/ 17 November 2023

Restaurant craze red in tooth and claw

Food Friday Main1
Raw deal: Beef tartare is on many fine-dining menus. Photo: Delwyn Verasamy

BARBARISM has long been defined by the kind of food taboos that the supposed barbarian breaks. 

As in: “Those people are barbarians, they eat cows.” Or: “Those people eat horses and frogs.” Or: “Those people eat dogs and cats.” And: “Those people eat pigs.” 

Rewind the tape a few centuries, and the accusation sometimes took a more hectic turn: “Those people eat people.” Which was a valid criticism, to be fair. 

Cut to 2023, and the bar of dietary barbarism is much lower. If you enjoy eating animals of any sentient species, you are now understandably unpopular among a vast community of vegetarians and vegans, not to mention the climate activists urging a human retreat from meat as a planet-saving imperative. 

Of course, this wave of conscience will not deter most of the world’s flesh-eating barbarians, no matter how ethically and scientifically compelling it is. 

Yes, the practice of eating meat is in some measure culturally trained and legitimated — today’s middle-class children are more likely to be vegetarian because they are granted more power to reject meat than my generation enjoyed, along with more information to guide their decisions. 

But there is another layer to the impulse — a biochemical one, which varies in strength from body to body. 

Human carnivorousness is pre-cultural as well as cultural — the legacy of a very long spell of omnivorous desperation in the blood-spattered forests of our evolutionary past. Big red crowds of calories spoke a very persuasive language to a hunter-gathering ape, and they still speak it. 

And then there’s another ancient genetic reflex we are saddled with — the rebellious urge to choose pleasure over virtue. 

So, for many of us, the very idea that red meat is fatally problematic, that it is yesterday’s protein, only adds a juice of transgressive joy to the spectacle of a plateful of it on one’s table. And if it’s raw, all the juicier. 

Steak tartare, the French early-20th-century hotel classic, is still a fixture on fine-dining menus from Seoul to Sydney to Santiago. 

Raw beef dishes in general are defiantly in vogue.
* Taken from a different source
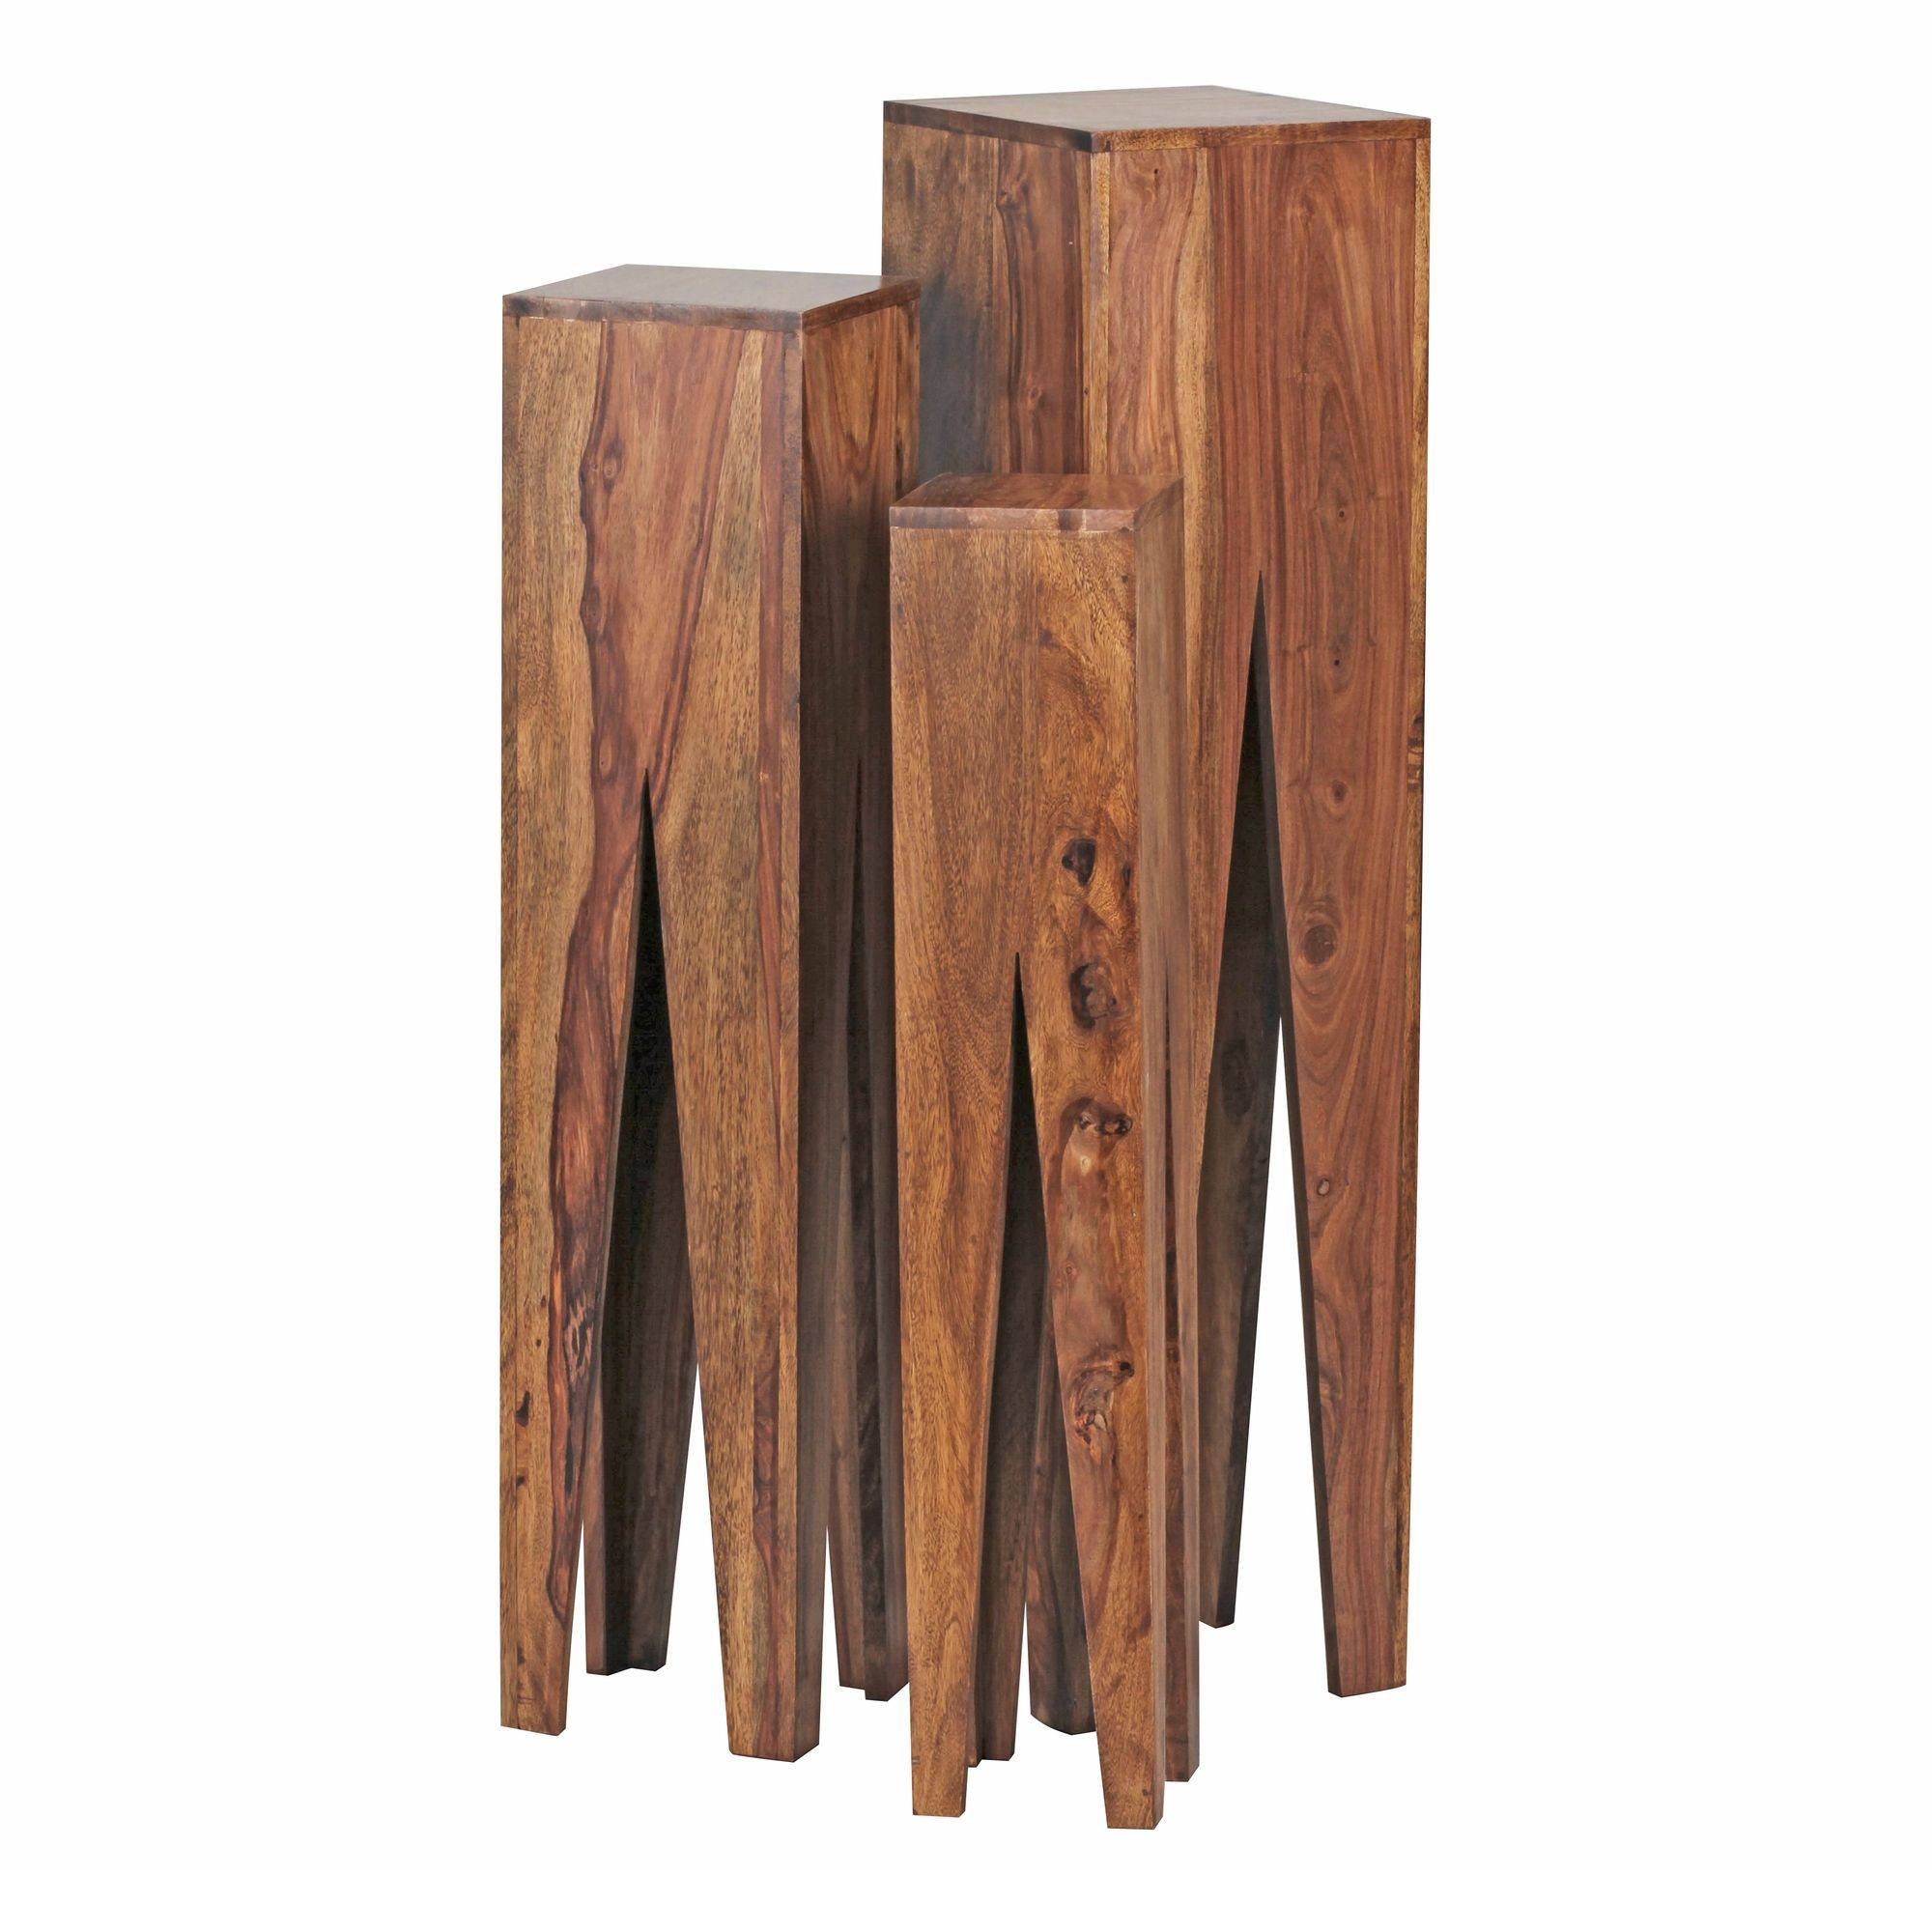 KADIMA | Braun | Ambiente DESIGN Giraffenbein-Beistelltischset: Braun Rustikales Braun Massivholz Satztisch mit

Chefs love them, partly because they use up off-cuts from the rest of the meat menu and partly because they provide a rich and dramatic canvas for flavour experimentation. 

And the customers who order steak tartare love it because it presses various good buttons at once — it’s a bit wild, but also a bit cosy, and also a bit fancy. You know that you are properly out for dinner when you eat raw beef.  

And afterwards, you might find yourself convinced that you have secured your physical survival for several days to come. 

On the eve of a big high-school exam, my father used to serve us home-made steak tartare — he reckoned it would give us predatory mental sharpness. 

“It’s a kick in the ass!” he said. 

We dutifully ate it, while quietly thinking that the kick in the ass provided by a well-done cheeseburger would have been just as firm.  

But nowadays I get what he was on about. The long-term health benefits of raw meat are debatable — but the short-term energy bump is real. 

In Joburg, you can order first-rate steak tartare in several good restaurants — including an excellent Asian-inspired version served by Acid in Parktown North (see review on this page) in which the meat is adorned with a soy-cured raw egg yolk and instilled with togarashi, a Japanese spice mix that starts quietly and then hits the back of your net with the elegant shock of a Kaoru Mitoma goal. 

For another raw-red contender, go to Little Addis, facing 44 Stanley in Braamfontein Werf, where you can order Ethiopian kitfo — raw beef with Ethiopian butter (niter kibbeh) and a complex seasoning. The softly fermented sourness of injera flatbread sharpens the fresh, lean tang of the beef. 

You can find beef or venison carpaccio at any one of Joburg’s catalogue of proper Italian places. As far as raw meat goes, carpaccio might be termed entry-level;  the thinness and relative dryness of the slices makes the whole experience a shade tamer. But not any less delicious. 

I have struggled to find yukhoe on any of Joburg’s Korean menus — but the traditional yukhoe marinade of soy sauce, sesame oil, garlic and sugar sounds eminently doable at home. 

Which raises the obvious question: is it safe to make your own raw beef dishes? Absolutely, provided you use good-quality fresh steak, and slice or grind it yourself. Never use store-bought beef mince. Pathogens such as  salmonella and E. coli emerge after exposure to air, so you need to serve your dish soon after preparation, preferably using cold dishes and utensils. 

Needless to say, the cow you’re eating should have lived a good life, eating grass in big fields, and then been slaughtered as humanely as possible.  Acid’s Doveton buys from Impala Butchery in Northcliff, which stocks Boomplaats organic-certified beef and other ethically produced meats.  

Because even barbarians need principles.